I didn't expect to get another Octopus so soon. I previously had an O. Briareus that died a few months ago. His 90 gallon tank had been in limbo just running with live rock. I was going to purchase a snowflake eel for the tank yesterday at big al's since I had a bunch of credit to spend.

Much to my surprise they had a very small octopus. Once I was able to ID the species I basically had to bring him home. If someone else bought him they'd probably try and stick him in a reef or feed him goldfish or something else silly.

So low and behold I have a new Octo. I previous kept dwarf cuttlefish and hatched them from eggs so I do have a modest amount of cephalopod experience.

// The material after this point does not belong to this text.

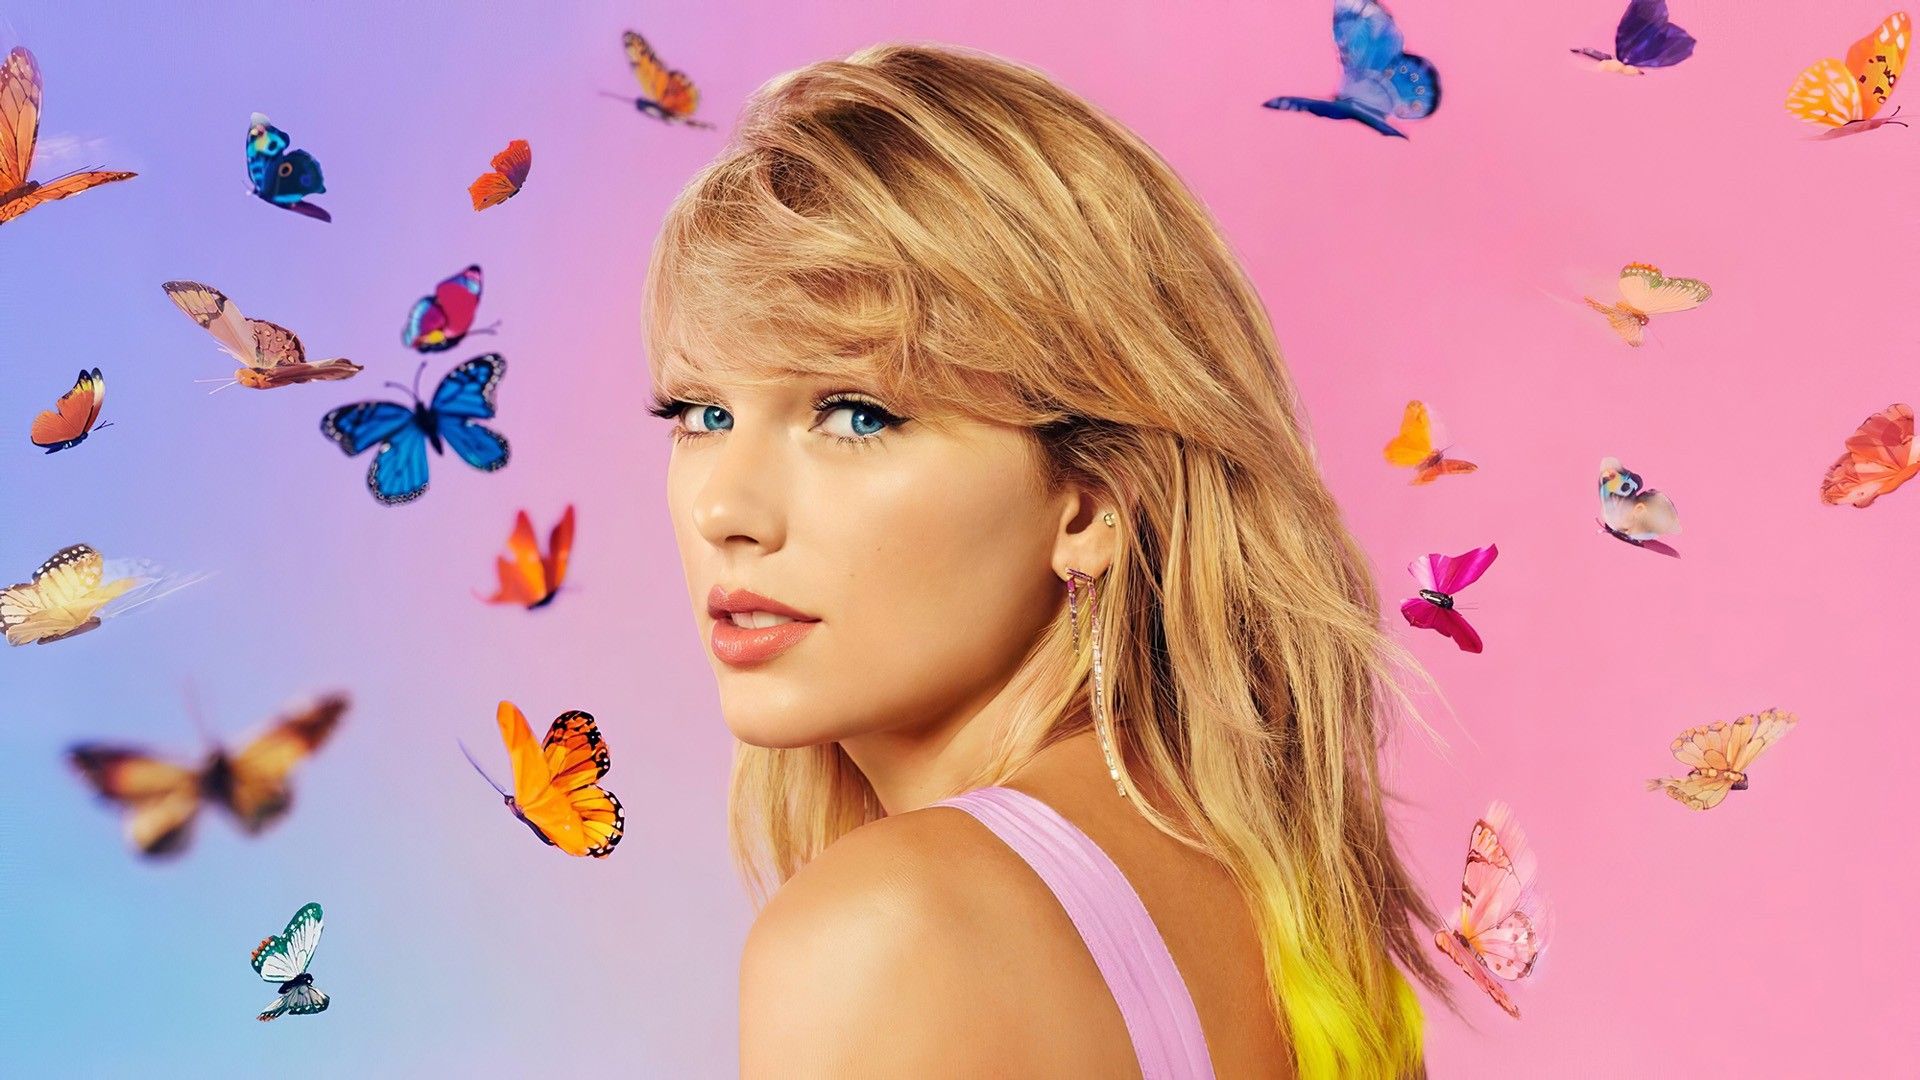 Taylor Swift With Blue Eyes And Butterflies On Background HD Taylor Swift Wallpaper

I'm keeping him in the critter keeper for now inside the 90. I will try and acclimate him a bit but it will likely just take time. My previous guy hid for over a month. I mean completely hid I did not see him a single time not in the day night morning middle of the night ever. I didn't know he was even still alive. Only disappearing crabs were my clues.

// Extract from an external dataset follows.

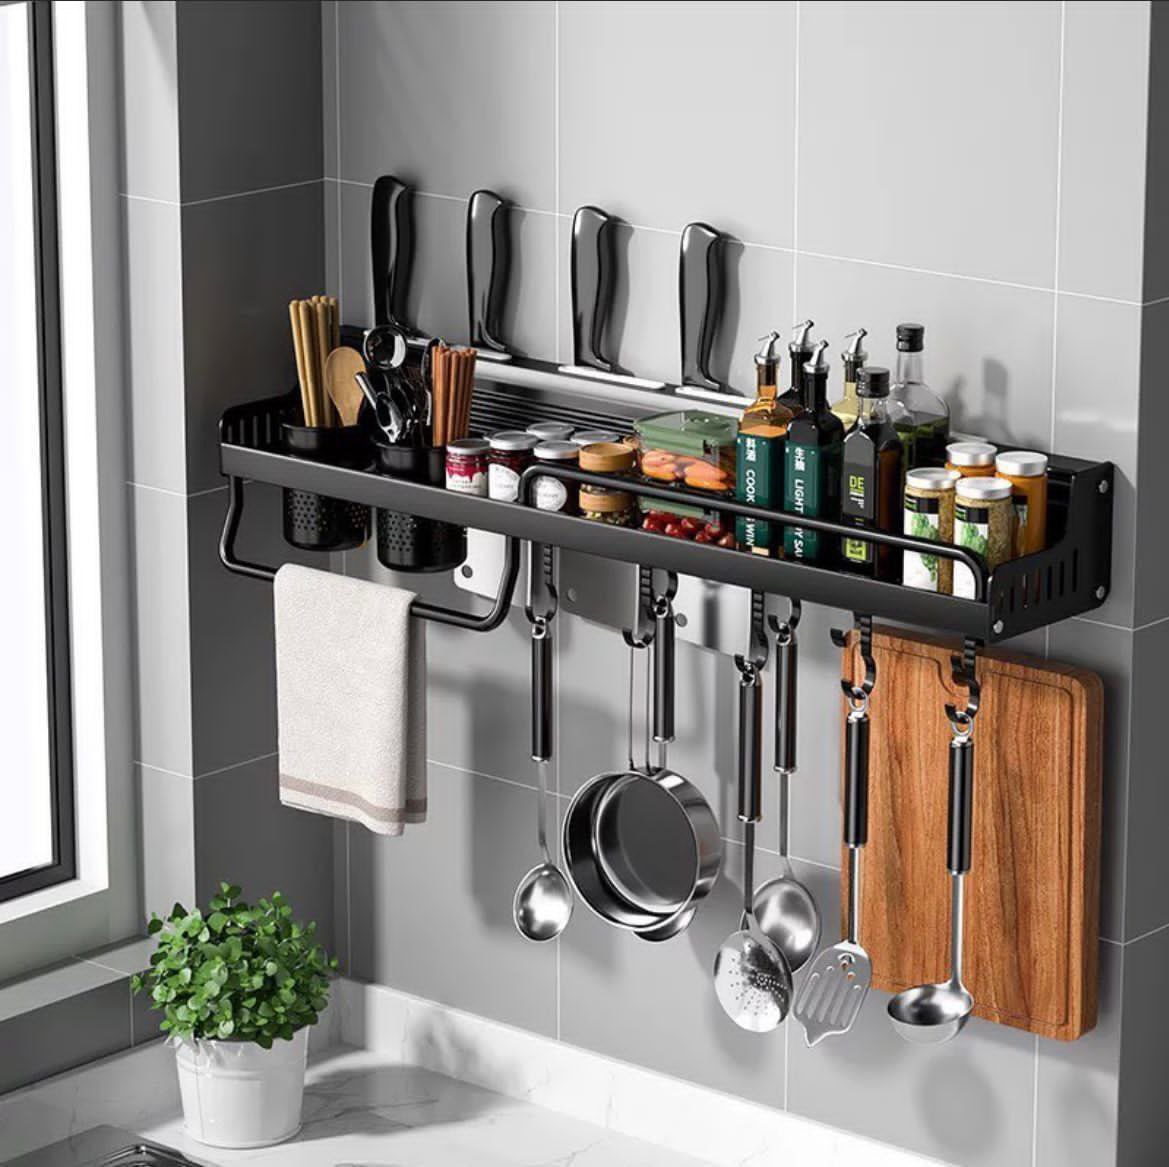 RT @HEssentia: Wall mounted kitchen organizer still available in stock. 12,000 naira only https://t.co/ehwQWcQaHH

This time if I can get him eating out of my hand sooner maybe I won't go through the same thing. This one is even younger so the hiding time may be even longer, but since he is so young I hope to get a full year out of this one.

much much more to come. Now he's 6" arm to arm but it shouldn't be long until he's 30" arm to arm.


----------



## laurahmm (Apr 1, 2010)

He's so cute  But they only live for one year???


----------



## Ciddian (Mar 15, 2006)

omg that is so amazing! I would love to see more pics when he settles in :3


----------



## corpusse (Jan 3, 2011)

laurahmm said:


> He's so cute  But they only live for one year???


Lifespan is about 12-14 months for this species. Octopus, Squid and Cuttlefish just aren't long lived. When I kept sepia bandensis they did not even make it a full year and I hatched them from eggs.

Anyway here are some new videos I will post some photos later.

It will be several months before he truly is settled, but I did get him eating off tweezers today and he grabbed my hand very timidly. So we're making early progress, but he clearly is not happy being in the critter keeper with all those nice hiding spots around. If I let him out I would not expect to see him again for 2-3 months.

So I am hoping 2-3 weeks inside the critter keeper he will understand I bring the food. Once he learns I bring the food he can then be give more challenging ways to get his dinner.


----------



## freddymp (Jan 15, 2010)

Very nice! Just curious whether you have experience with nautilus?
Years ago I used to have a blue-ringed Octopus and a cuttlefish. Beautiful creatures indeed.


----------



## corpusse (Jan 3, 2011)

freddymp said:


> Very nice! Just curious whether you have experience with nautilus?
> Years ago I used to have a blue-ringed Octopus and a cuttlefish. Beautiful creatures indeed.


No I don't. I don't have an appropriate sized tank and chiller to house one.

What species of cuttlefish sepia bandensis?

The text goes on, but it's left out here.